Starboard by Nicola Skinner

Starboard by Nicola Skinner

Author:Nicola Skinner [Skinner, Nicola]
Language: eng
Format: epub
Publisher: HarperCollins Publishers
Published: 2021-03-15T17:00:00+00:00


KIRSTEN WOKE BLEARILY to the sound of the ship in her head.

‘I don’t feel well,’ said the ship.

There was something about her voice that seemed odd – slower somehow.

‘I feel all stirred up and unusual. You haven’t been – poking about where you shouldn’t, have you? Nosing around in things that are gone? It’s never a good idea.
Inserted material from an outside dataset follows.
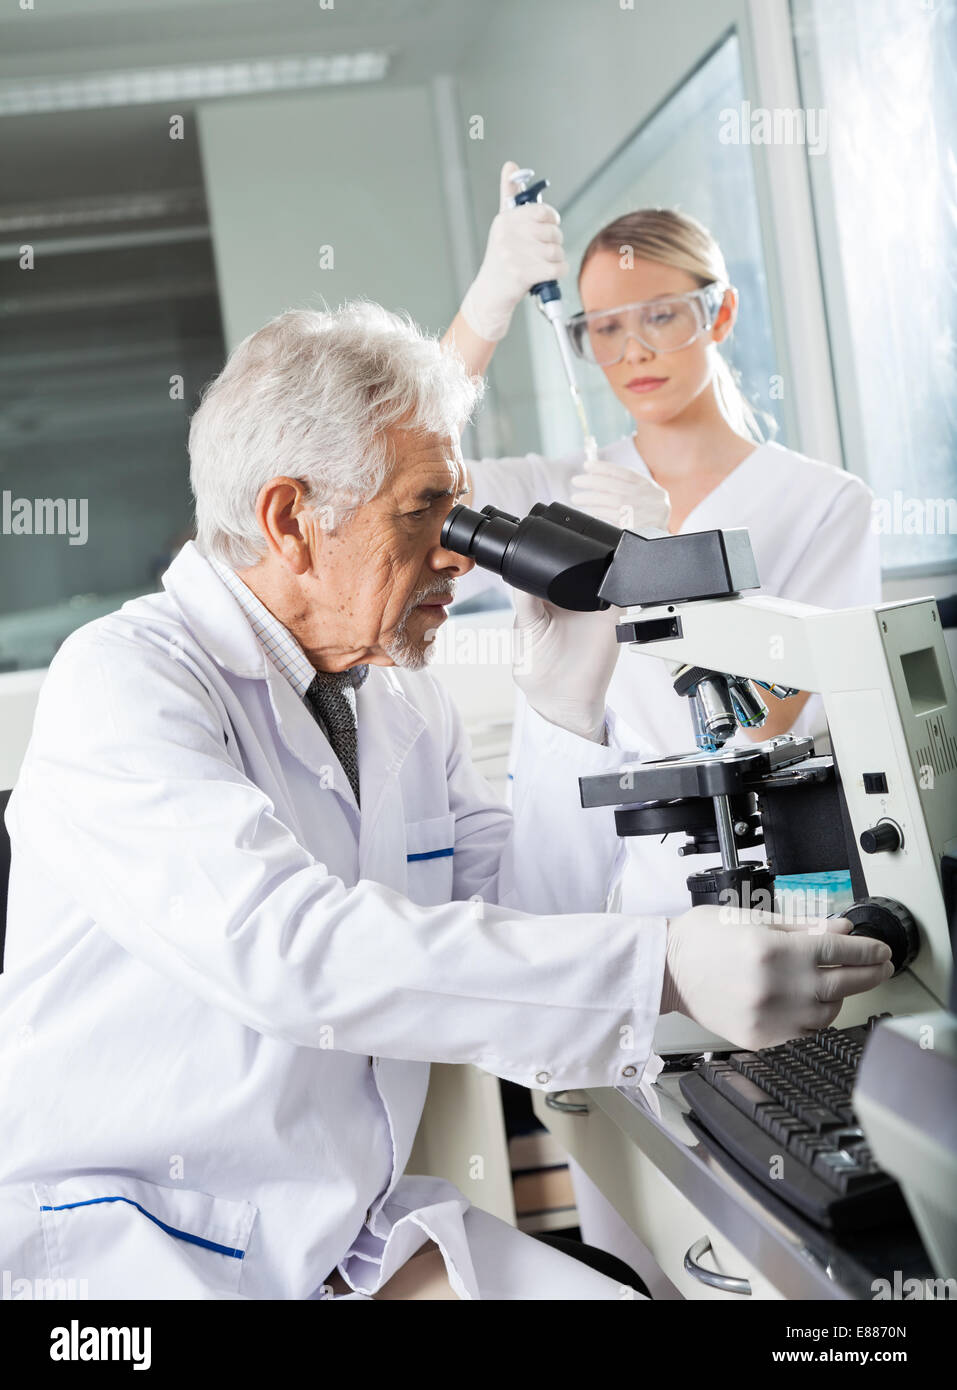 Male scientist using microscope in lab Banque D'Images

Quickest way to feel your age, you know, stirring up the past.’

Kirsten noticed Olive’s head hanging upside down.

‘We’re still here then,’ Olive’s chin said wryly, peering down from the top bunk. ‘It wasn’t all a dream.’

Kirsten began to speak, then hesitated. Her broken night’s sleep and what she’d seen in the dreaming ship had left her tired and confused.

Olive seemed to understand. She held up a finger. ‘Wait.’ She pushed her blanket back and landed on the floor softly. ‘Breakfast first.’

They sat on the floor and brought their rucksacks out.

‘Half a banana and half a flapjack each?’ suggested Kirsten after a while.

‘Then chocolate,’ said Olive. ‘And almonds.’

Once they’d shared their food, Kirsten cast a worried eye over what was left. All they had now was one chocolate bar, a packet of crisps, the almonds and the sweets. (And the vitamins, of course, but would that fill them up? Unlikely.) They were also running low on water, although they could keep their bottles topped up with the tap water in the loo. Was that drinking water though? Probably not.

Flames of anxiety burned inside her. They had to get home, not only to avoid starving to death, or contracting something deadly from the drinking water, but also – she did a mental countdown – because she had just over forty-eight hours before her Jade Cooper interview: the interview that would win back her public, placate the bank manager and keep a roof over their heads.

There was no time to waste. She rubbed at her eyes and spoke hastily. ‘I went in the ship’s dreams last night.’

‘Whoa – just like the map said! That’s awesome!’ Olive shot her an envious look. ‘Did you find …’ She picked up her notebook from the trunk and turned its pages. ‘Did you peer past the dreams and find the truth?’

‘I found – or nearly found – a clue. It felt like the ship was longing for something. At times, I thought it was New York, but then I saw something else … but it didn’t make a lot of sense and it vanished.’

They were interrupted by a knock on the door.

‘Hello, Captain,’ Mark Spencer said, then nodded at Olive. ‘First Mate. Having a lie-in, I see.’

Kirsten checked her watch. It was 6.45 in the morning. Mark peered uncertainly at their messy cabin. ‘Have you been burgled in the night?’

Olive gave a short laugh of surprise.

‘I wonder if you might be able to come out and assist me with the passengers,’ said Mark Spencer. ‘The fighting women need breaking up. The first-class passengers want constant attention. And the surgeon wants to know how your heebie-jeebies –’ he left a delicate pause here – ‘are faring.